How do I render the count of multiple rows in Azure Data Explorer?


Input data:

Location
europe_w
asia_s
us_e
asia_e
us_w
us_c
asia_c

I want this result using a Kusto query in Azure Data Explorer:

Location Count
asia 3
europe 1
us 3

Can't seem to figure out how to count by a specific substring and output it as a new value showing the total count.


Solution

  • Code

    datatable(Location:string)
    [
    'europe_w',
    'asia_s',
    'us_e',
    'asia_e',
    'us_w',
    'us_c',
    'asia_c'
    ]
    | extend Region = substring(Location,0,indexof(Location,"_"))
    | summarize Count = count() by Region
    

    In this query, extend operator is used to extract the substring before the first underscore character (_) in the Location column to create a new column Region. substring function extracts the substring before the first underscore character.

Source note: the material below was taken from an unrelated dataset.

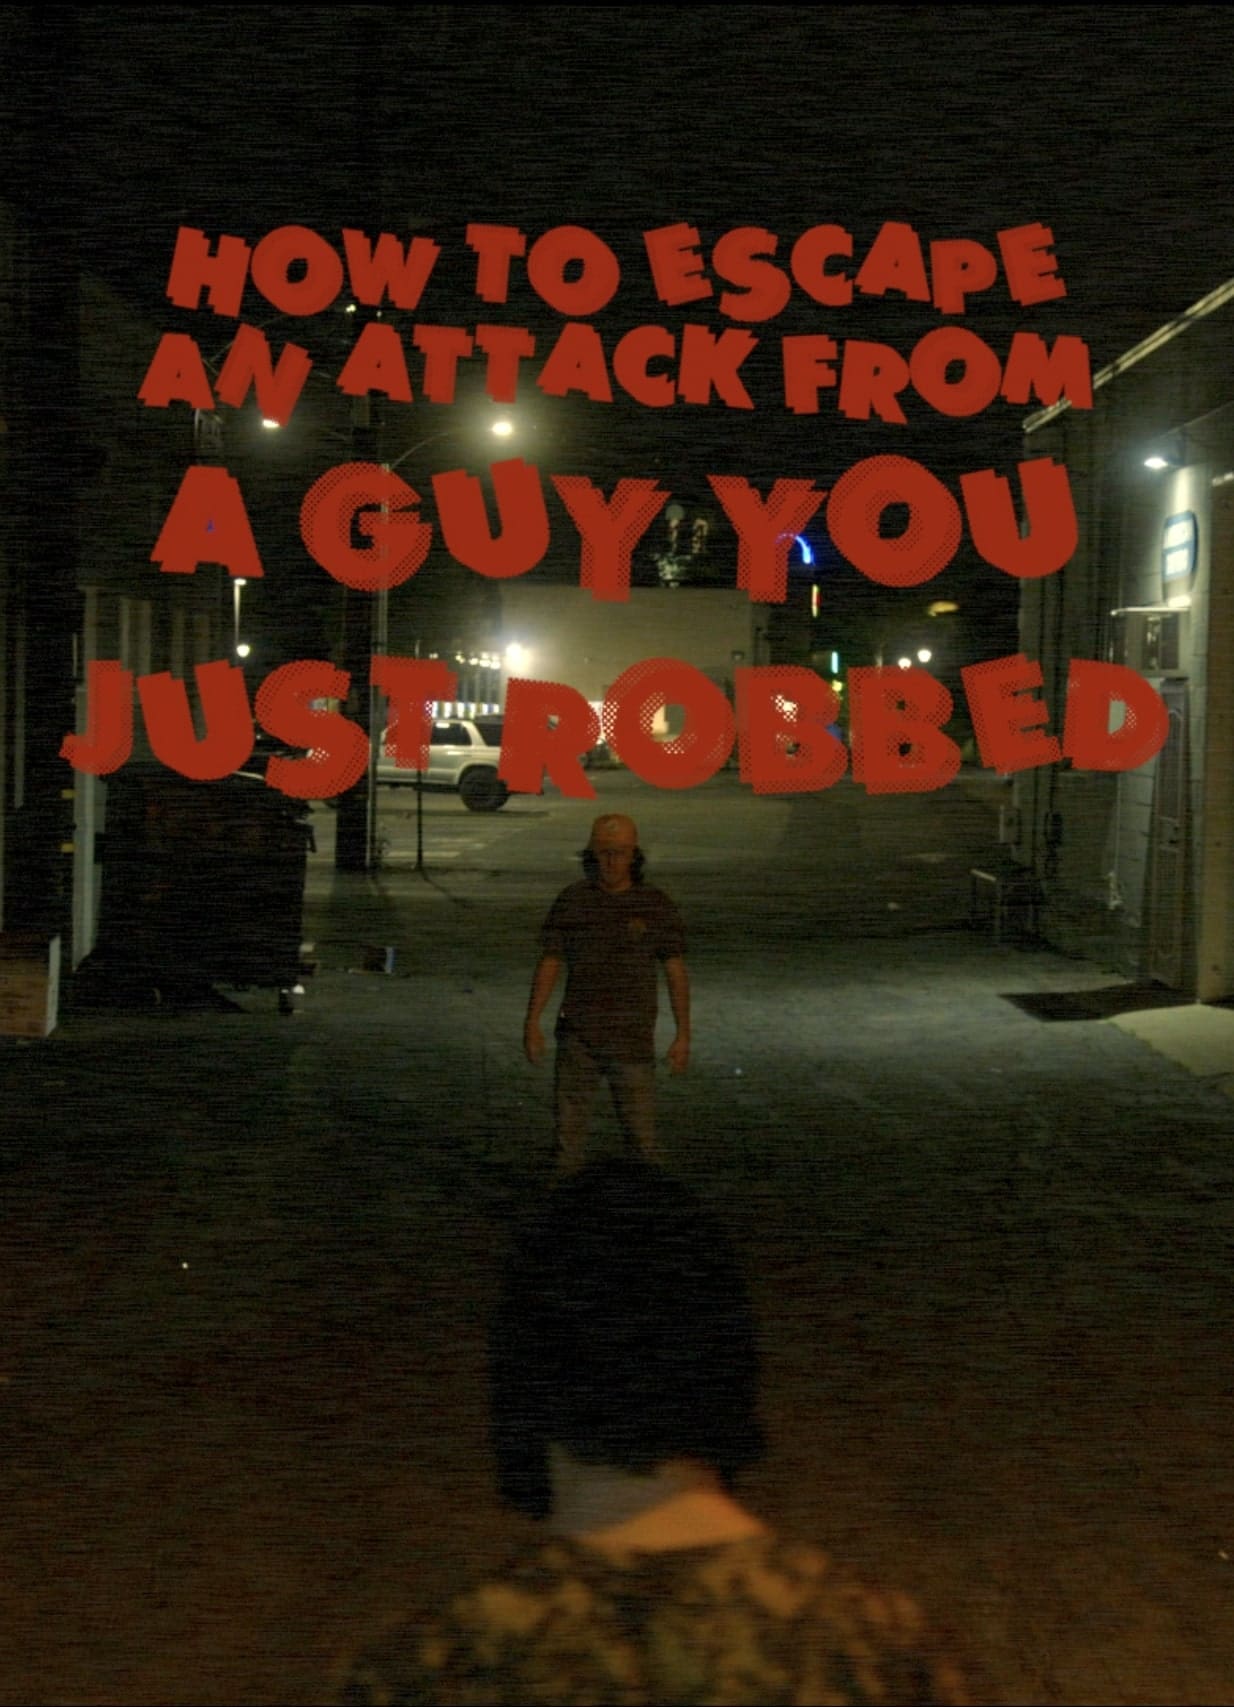 How To Escape An Attack From A Guy You Just Robbed

Finally, to count the occurrences of each Region summarize operator is used.

    The output of this query:

    Region Count
    europe 1
    asia 3
    us 3

    You can also use the below code.

    datatable(Location:string)
    [
        'europe_w',
        'asia_s',
        'us_e',
        'asia_e',
        'us_w',
        'us_c',
        'asia_c'
    ]
    |summarize count() by tostring(split(Location, "_")[0])
    

    This query gives the same expected result.

    Edit:

    how would you do if the input data was like this: europew, asias, use, asiae, usw, usc, asiac (no specific char that separates the string)?

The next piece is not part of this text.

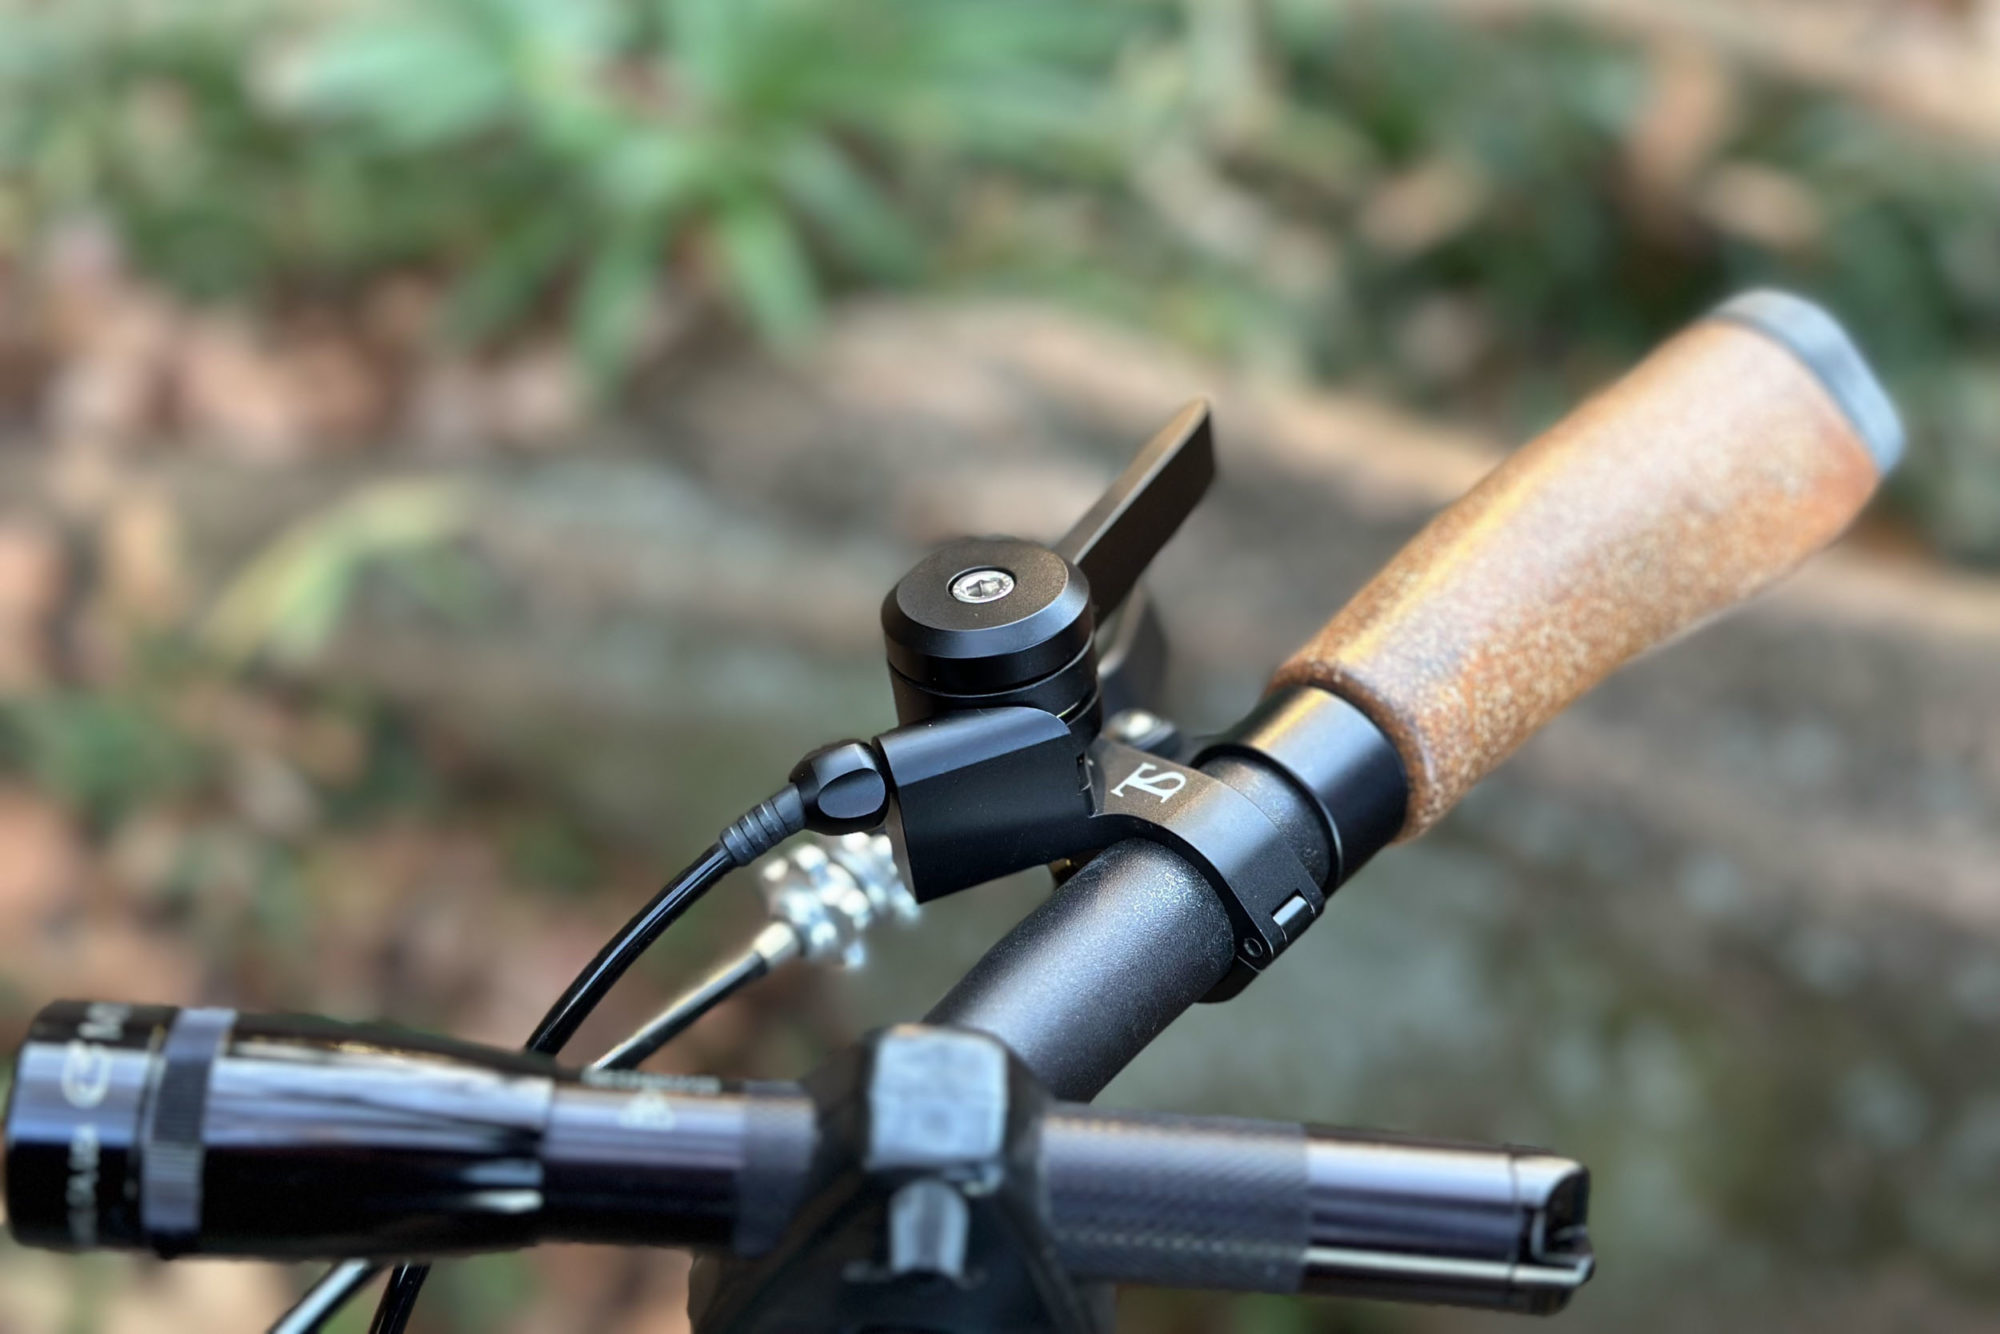 thumbster shifter

    datatable(Location:string)
    [
      'europe_w',
      'asia_s',
      'us_e',
      'asia_e',
      'us_w',
      'us_c',
      'asia_c'
    ]
    | extend Region = case(
        Location contains "europe", "europe",
        Location contains "asia", "asia",
        Location contains "us", "us",
        "unknown"
      )
    | summarize Count = count() by Region
    | where Region != "unknown"
    

    This query uses the case() function to create a new column called Region that maps each location to its corresponding region. If the Location column contains the string europe, the Region column will be set to europe. If it contains the string asia, the Region column will be set to asia. If it contains the string us, the Region column will be set to us. You can extend this if you have multiple base locations. If it does not contain any of these strings, the Region column will be set to unknown.